Grande nouveauté du CAP hébergement : les aides forfaitaires. Les petits projets étaient exclus auparavant des aides régionales. Désormais, non seulement les projets d'un montant compris entre 10 000 et 40 000 euros seront éligibles, mais en plus le montage de leur dossier sera assez simple. Les projets éligibles à l'aide forfaitaire pourront être directement saisis en ligne dans le système régional des aides économiques. Cette nouvelle aide s'inscrit dans la même logique que celle que je viens de décrire : développer beaucoup de petits projets afin de densifier le réseau des hébergements sur le territoire régional.

Le positionnement du CAP hébergements connaît aussi une nouvelle orientation. A la faveur de la nouvelle stratégie régionale du tourisme qui fait de la qualité de l'accueil le fil rouge de l'ensemble des déclinaisons sectorielles, le nouveau CAP hébergements met en avant le confort thermique lié à la qualité de l'isolation, ainsi que l'utilisation de matériaux naturels et biodégradables à l'extérieur comme à l'intérieur des hébergements, non seulement dans le cadre de la politique régionale pour la préservation de l'environnement et du climat, mais aussi comme un critère à part entière de la qualité de l'accueil et de la fidélisation des clientèles.

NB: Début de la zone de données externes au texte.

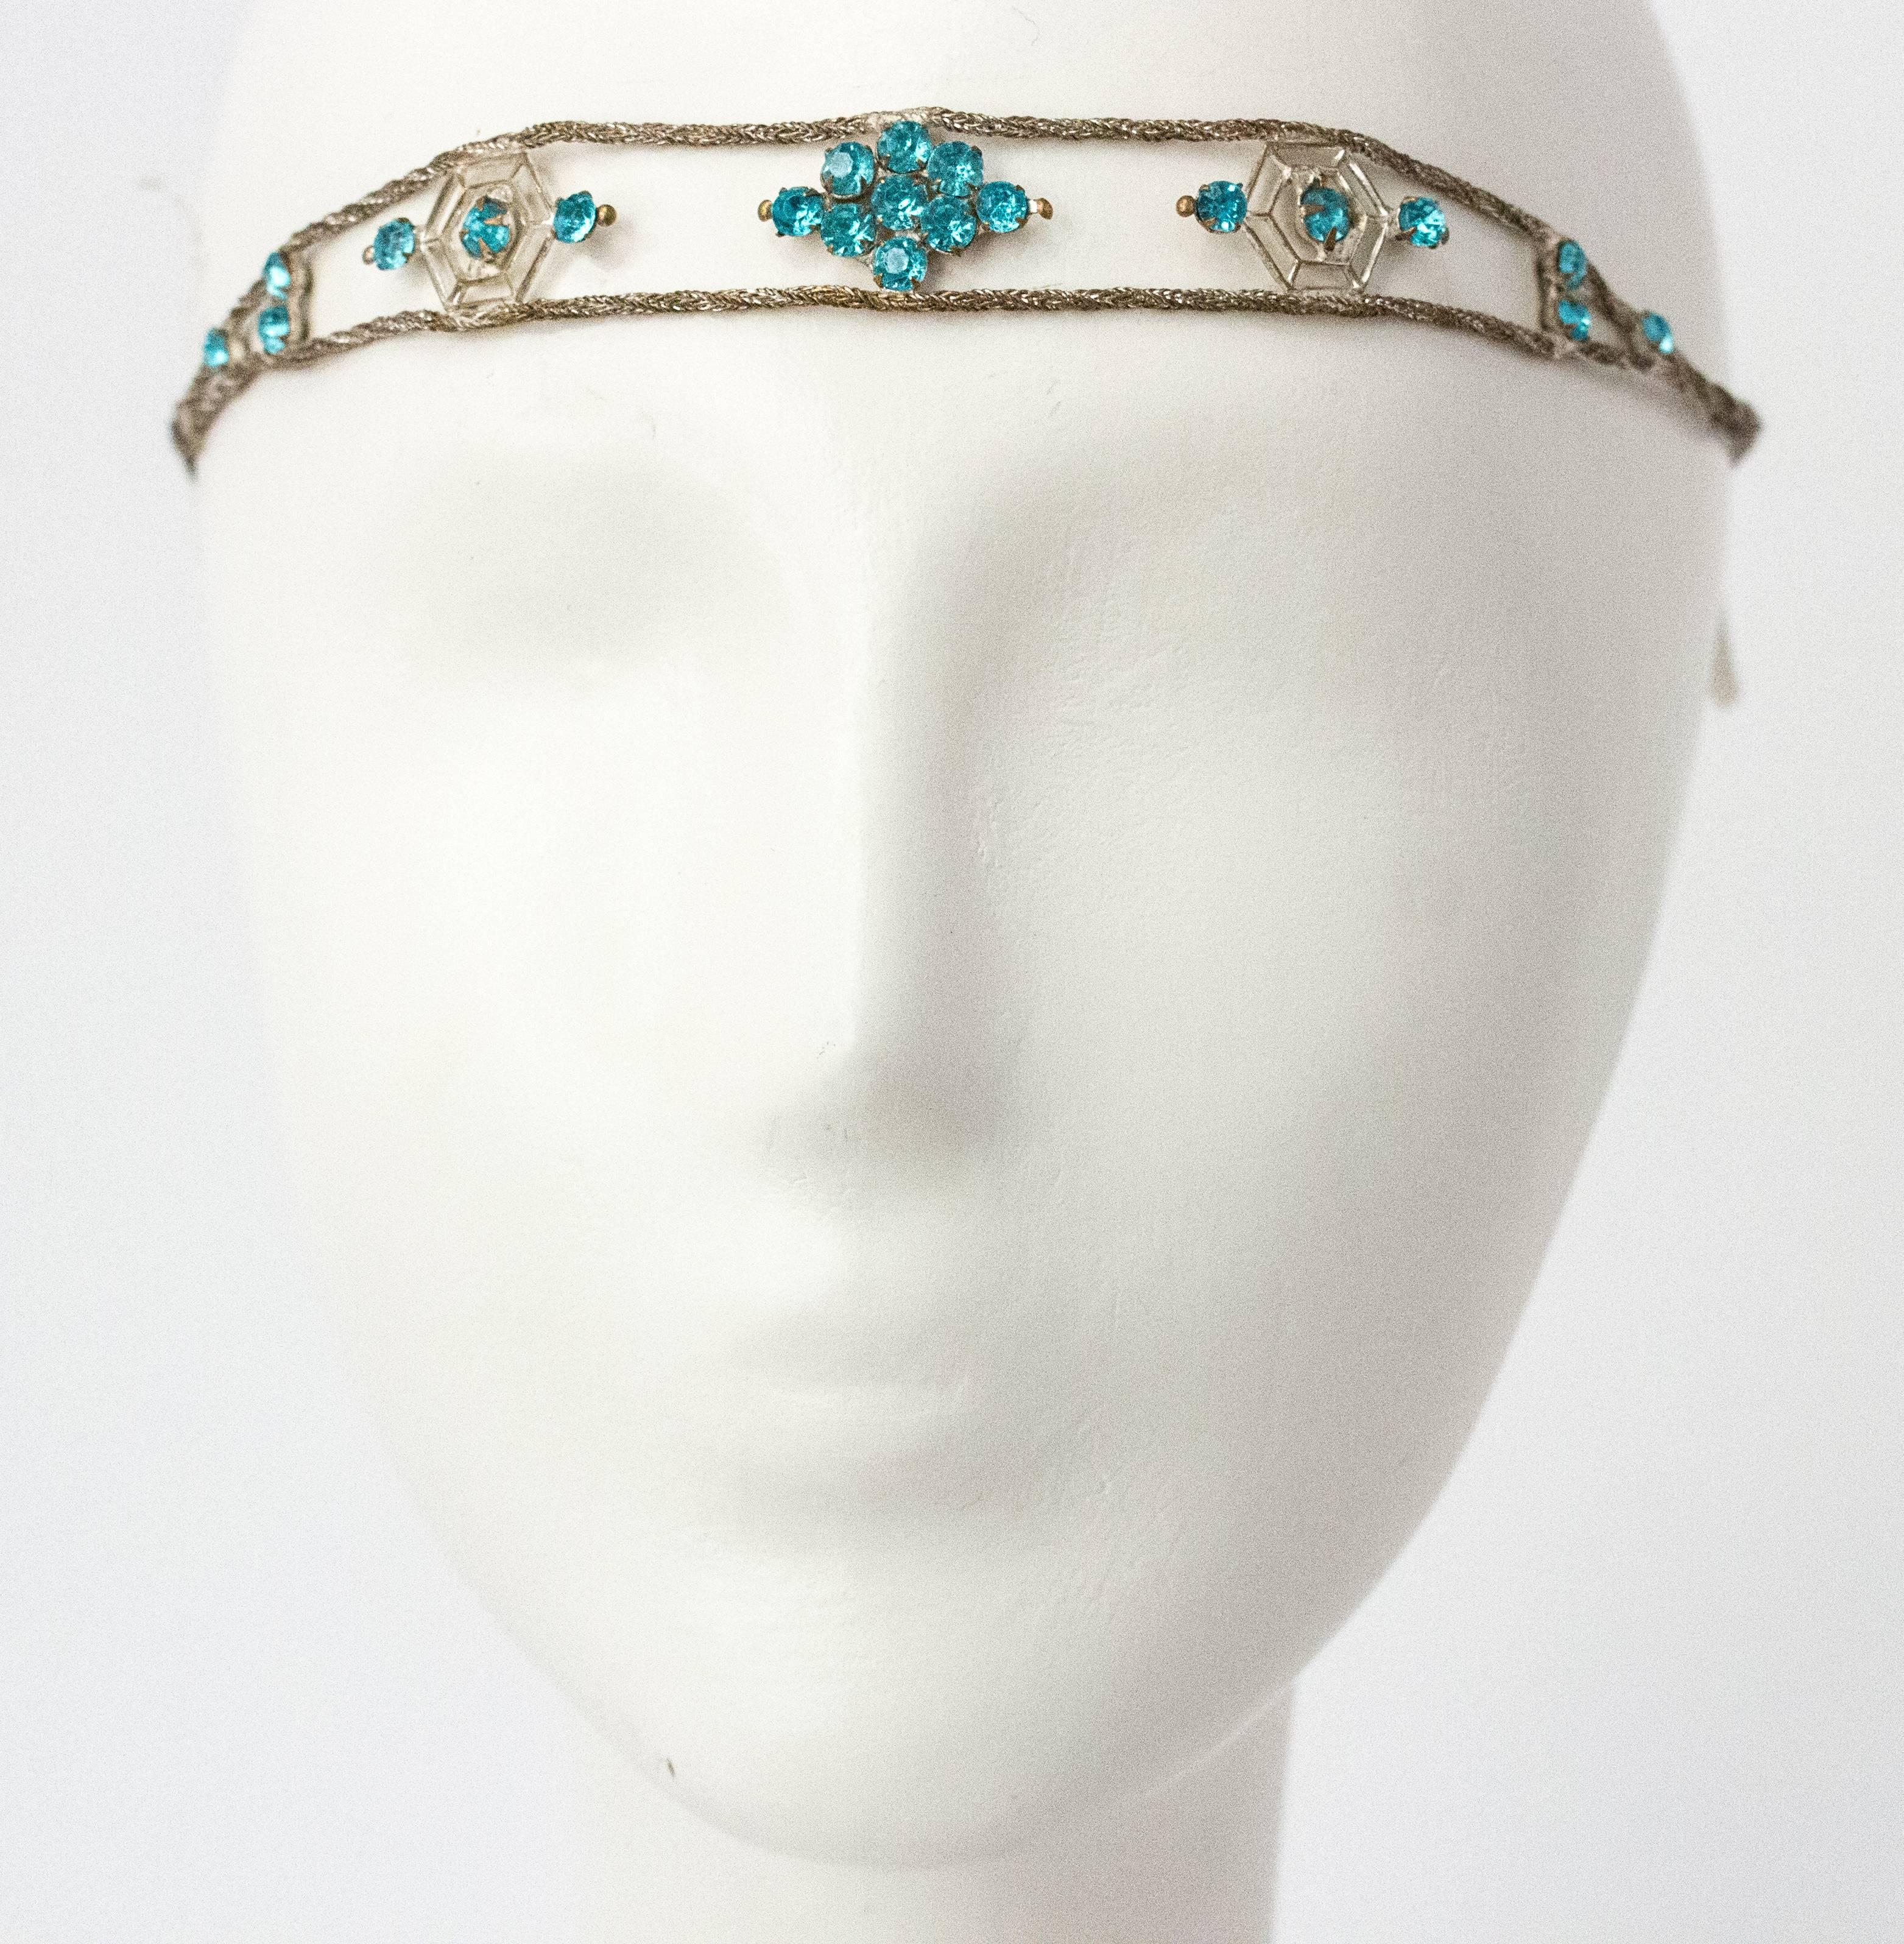 20s headpiece has gold and Silver lamé braided ribbon which ties in the back so it is completely adjustable

Pour les constructions neuves, le financement de base n'est plus que de 10 %, au lieu de 20 % auparavant. Pour pouvoir bénéficier d'une bonification et aller jusqu'à 25 % du montant budgété (pourcentage qui peut doubler avec les aides européennes), le projet doit apporter des arguments en termes d'environnement, de qualité, d'emploi et de territoire. Ici aussi, une attention particulière est accordée aux territoires sous-équipés. Mais pour bénéficier d'une bonification, qu'elle soit liée au territoire, à la qualité ou à la création d'emploi, le critère environnemental est obligatoire. Ce critère Pour les projets de rénovation globale, la réalisation d'une étude préalable portant sur l'amélioration de la qualité thermique et énergétique du bâtiment est un critère d'éligibilité. Cette étude peut être financée en totalité par la Région avec un seuil maximum de 3000 euros.

Autre nouveauté, les projets peuvent bénéficier sur demande d'une aide au conseil, subventionnée à 50 % par la région, pour étudier l'opportunité économique de leur projet, la manière de le financer ou la conception et la manière de financer des projets de rénovation thermique et de performance environnementale.

En conclusion, à partir de cinq dispositifs éprouvés et reconnus au cours des années passés, la Région propose deux grands dispositifs pour le tourisme, à la fois plus simples, plus larges dans leur spectre d'intervention et totalement adaptés à la mise en oeuvre de la stratégie régionale.